Спуск на кораблях, верхом на языках пламени, вниз на западное побережье острова, что назвали Гренландией. Его оконечность указывала на северный полюс Авроры, но форма суши, как говорили, была очень похожа. На самом деле сходство было в лучшем случае приблизительным – 0,72 по шкале Клейна. Но все равно – остров назвали Гренландией.

Скалы преимущественно были сложены из черного долерита, сглаженного льдом при ледниковом периоде. Паромы с людьми на борту приземлились у западного берега без происшествий, рядом со спущенными ранее роботизированными аппаратами.
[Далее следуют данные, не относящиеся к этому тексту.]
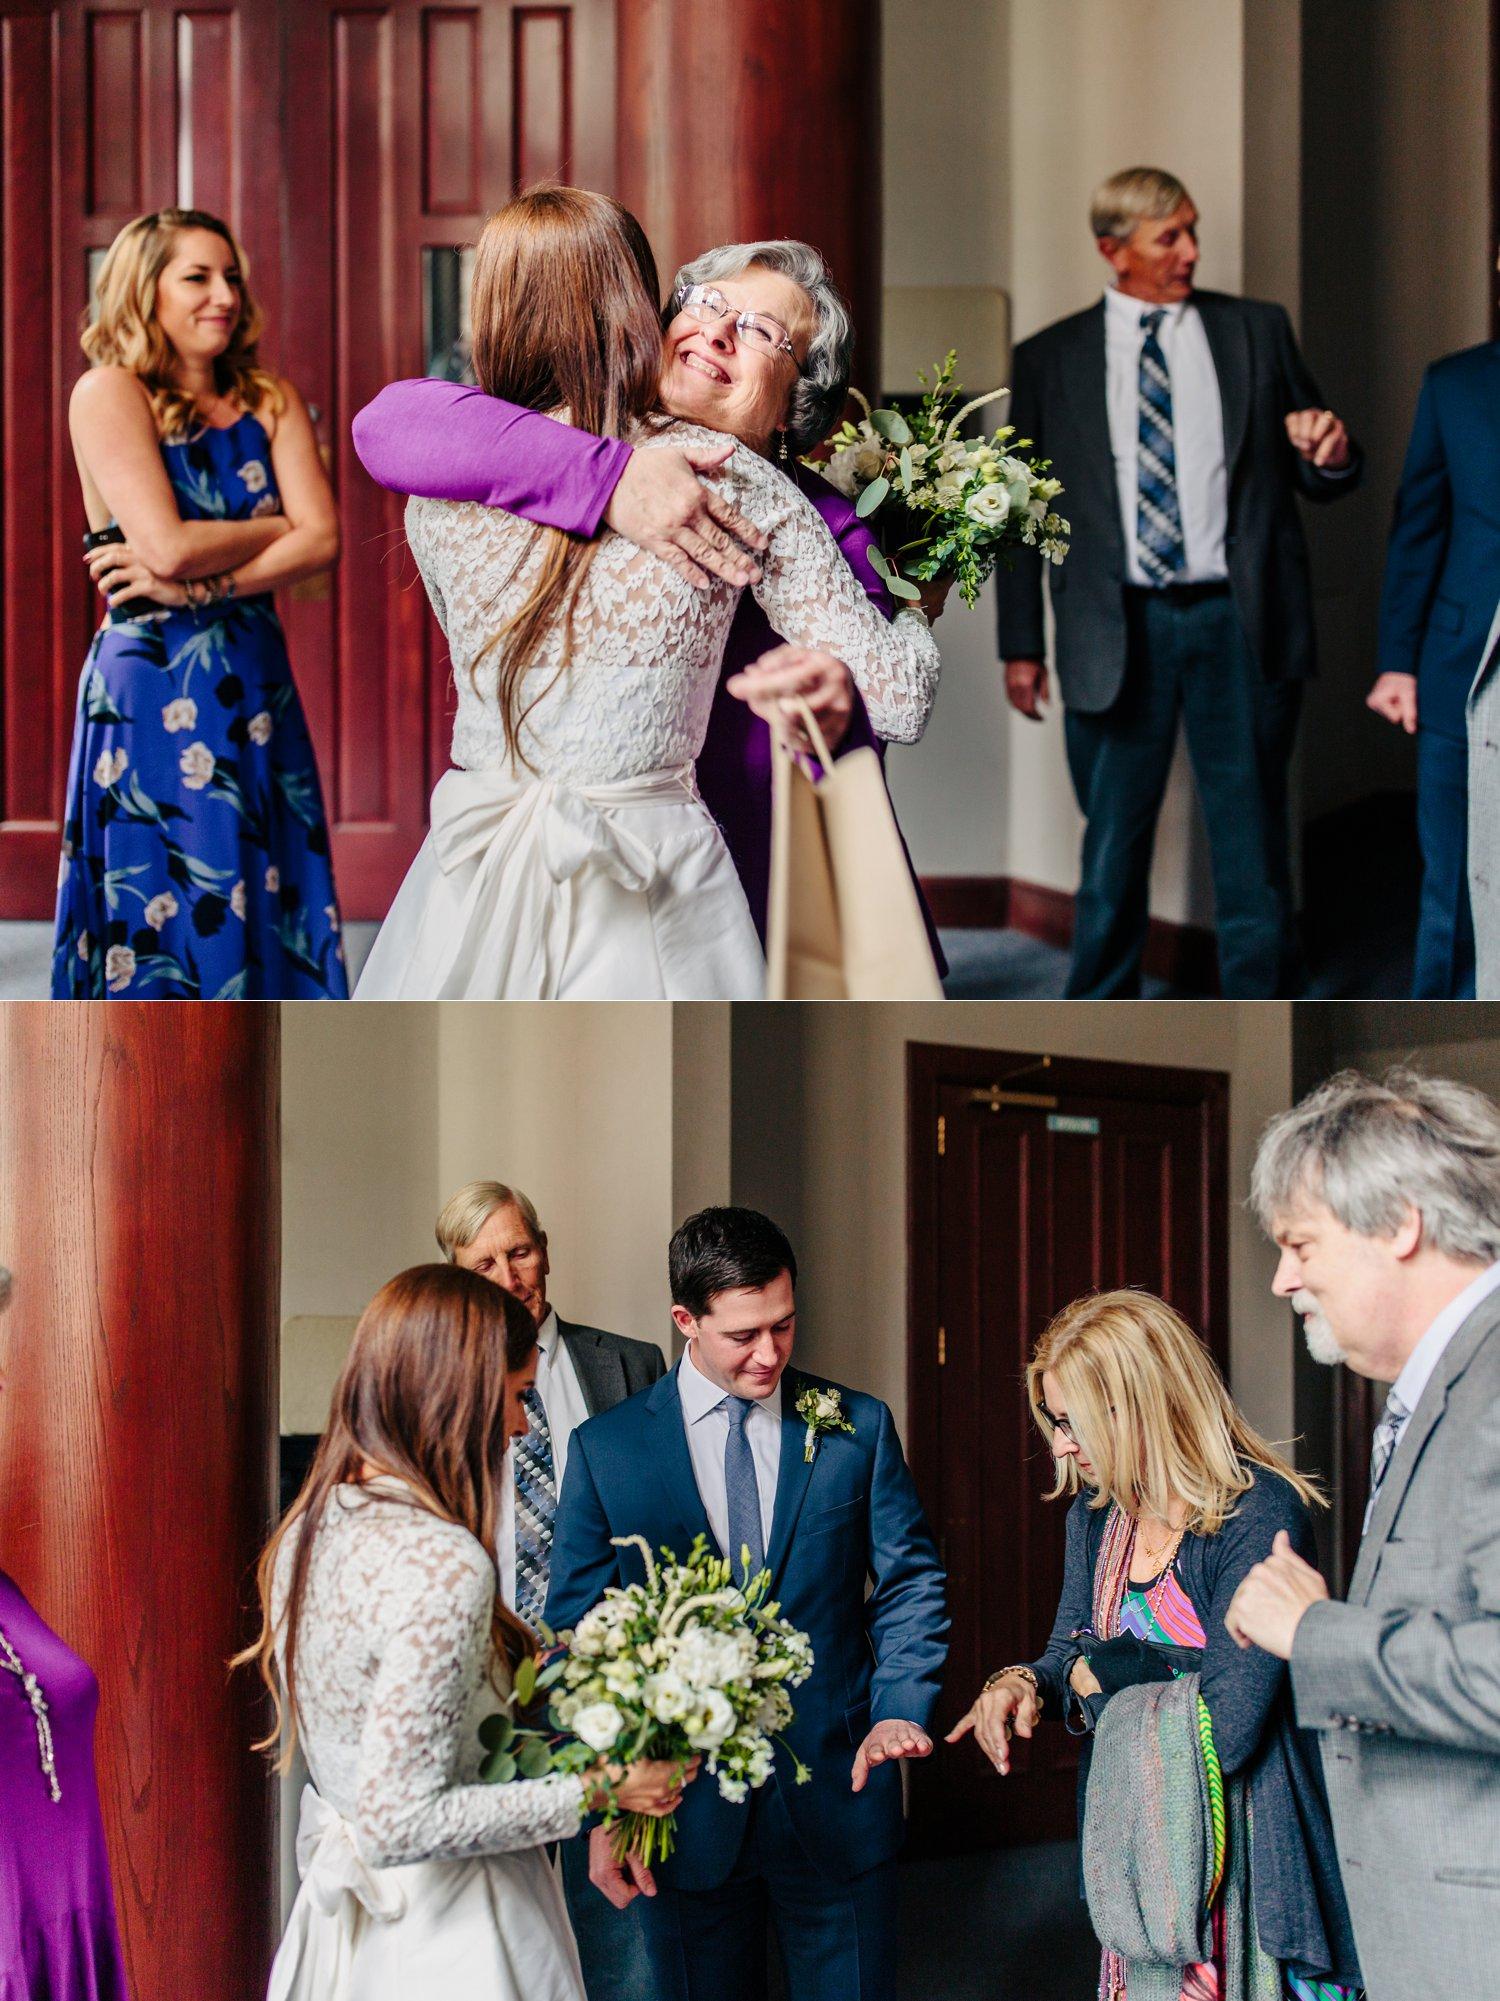 CK-Photo-scarritt-bennett-wedding_0010.jpg

На самом корабле почти все собрались на своих городских площадях и наблюдали за высадкой на больших экранах – кто молча, кто в бурных чувствах – в каждом городе по-своему. Но какой бы ни была реакция, всеобщее внимание было приковано к экранам. Вскоре им предстояло спуститься туда всем, за исключением сменяющегося экипажа поддержки, которому полагалось следить за состоянием корабля. Остальных же ждала жизнь на Авроре. И хорошо, потому что почти все, кто высказывался по этому поводу, заявляли, что хотели бы спуститься на ее поверхность. Некоторые же признавались, что боятся; кое-кто даже говорил, что им неинтересно туда спускаться, что их устраивает и корабль. Кому нужны были голые скалы на безжизненной луне, на берегу пустого моря, когда у них уже был этот мир, где они прожили всю свою жизнь?

Некоторые задавались этим вопросом, но большинство отвечало: «Мне».